> **GIVEN MATERIAL**:

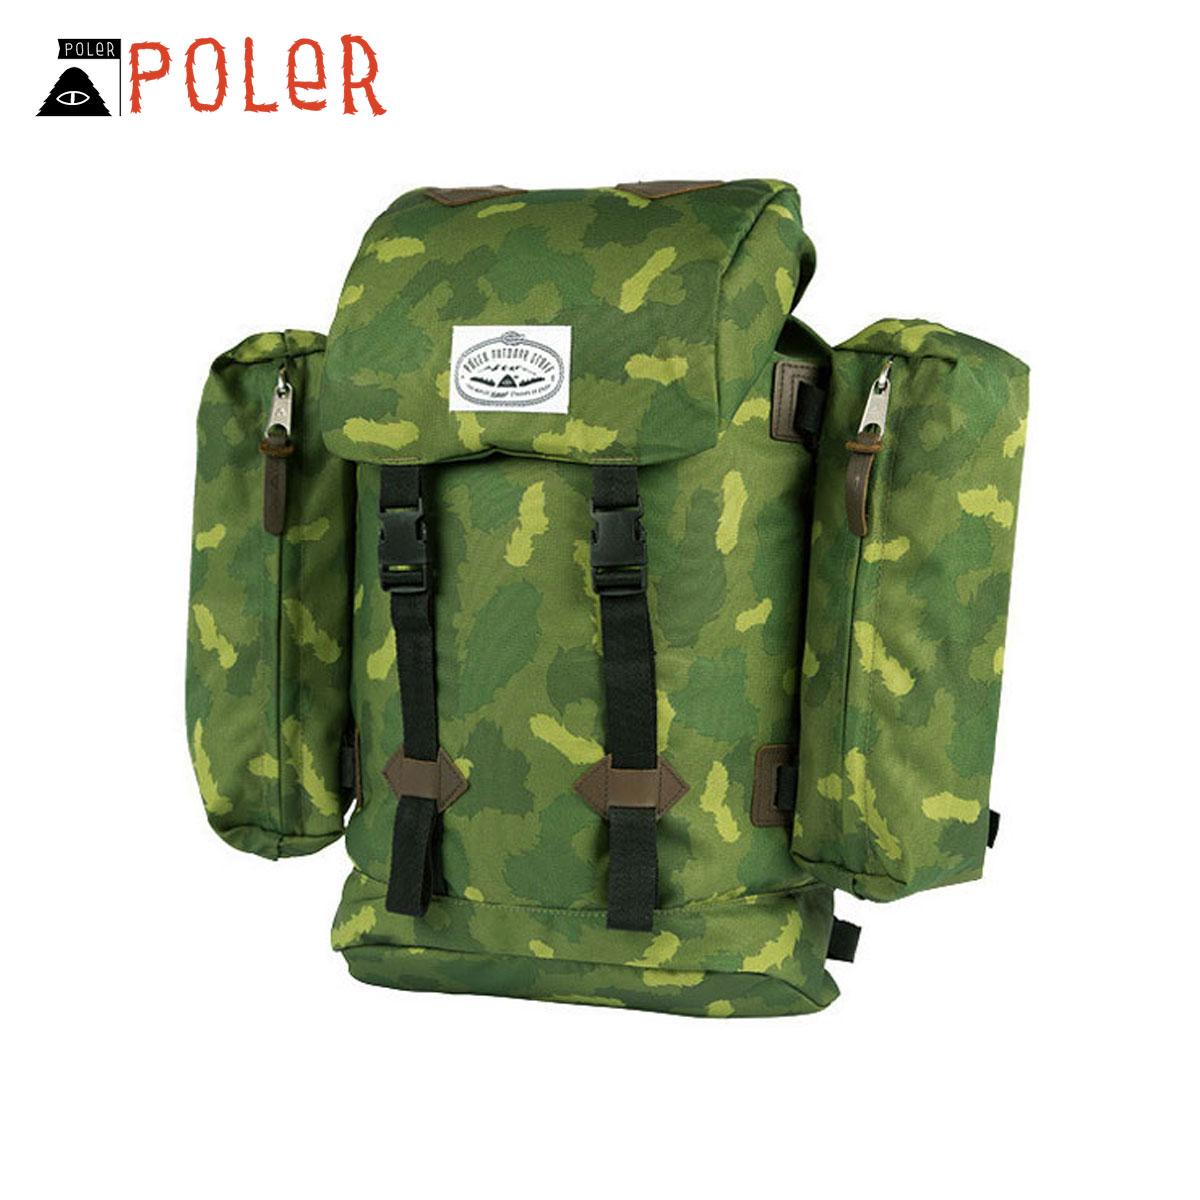 ポーラー POLER 正規販売店 バックパック リュックサック RETRO RUCKSACK 532020-GCO GREEN CAMO D15S25
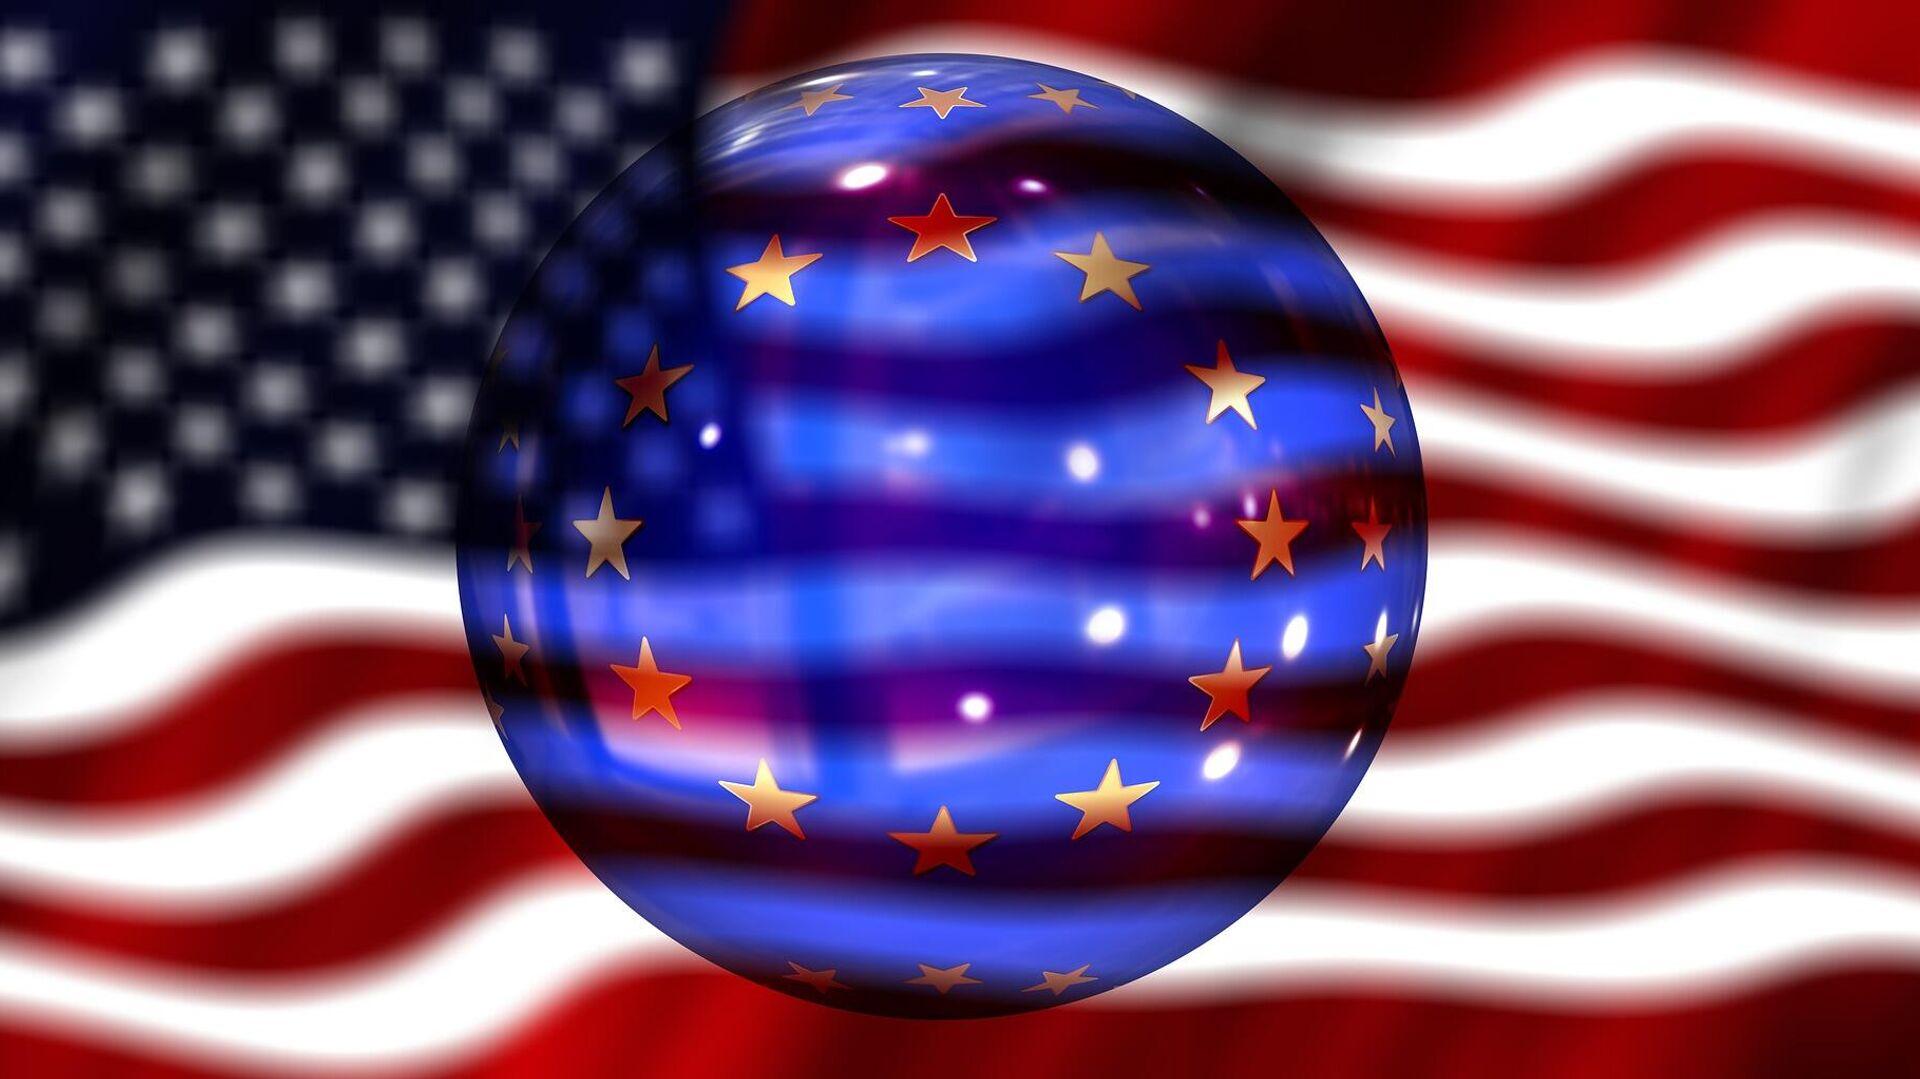 USA-EU (Symbolbild) - SNA, 1920, 19.07.2021
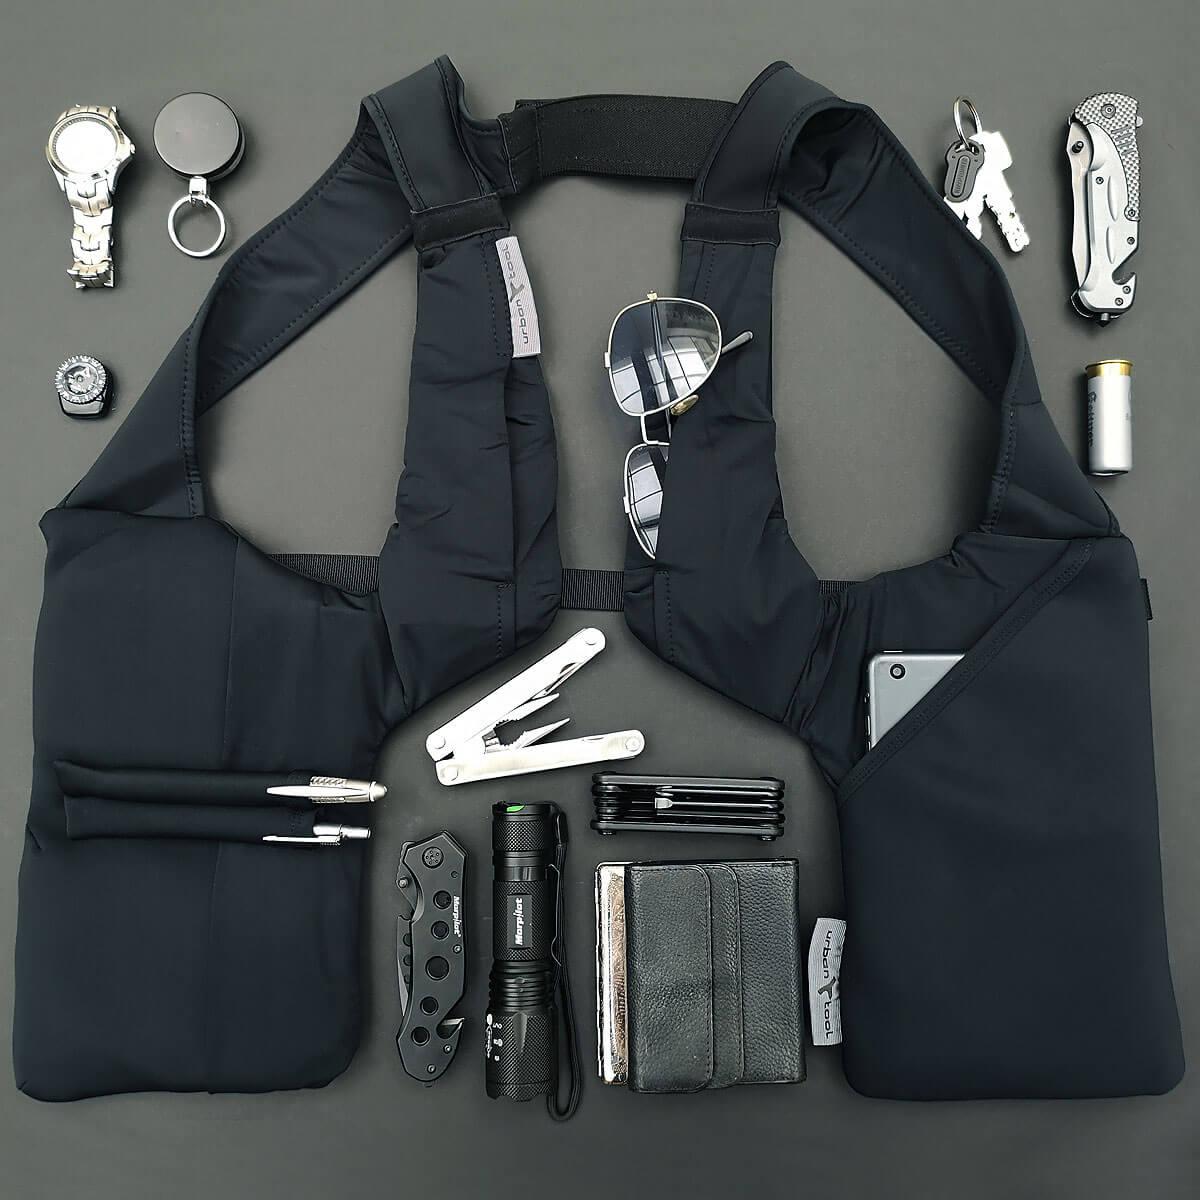 Tablet Jacket Shoulder Holster Gadget Vest Urban Tool Tablet Holster

> **PROBLEM STATEMENT**: What is needed is the listing above, repeated verbatim, without its images.

> **THE COMPLETED TASK**:
 ポーラー POLER 正規販売店 バックパック リュックサック RETRO RUCKSACK 532020-GCO GREEN CAMO D15S25
 USA-EU (Symbolbild) - SNA, 1920, 19.07.2021
 Tablet Jacket Shoulder Holster Gadget Vest Urban Tool Tablet Holster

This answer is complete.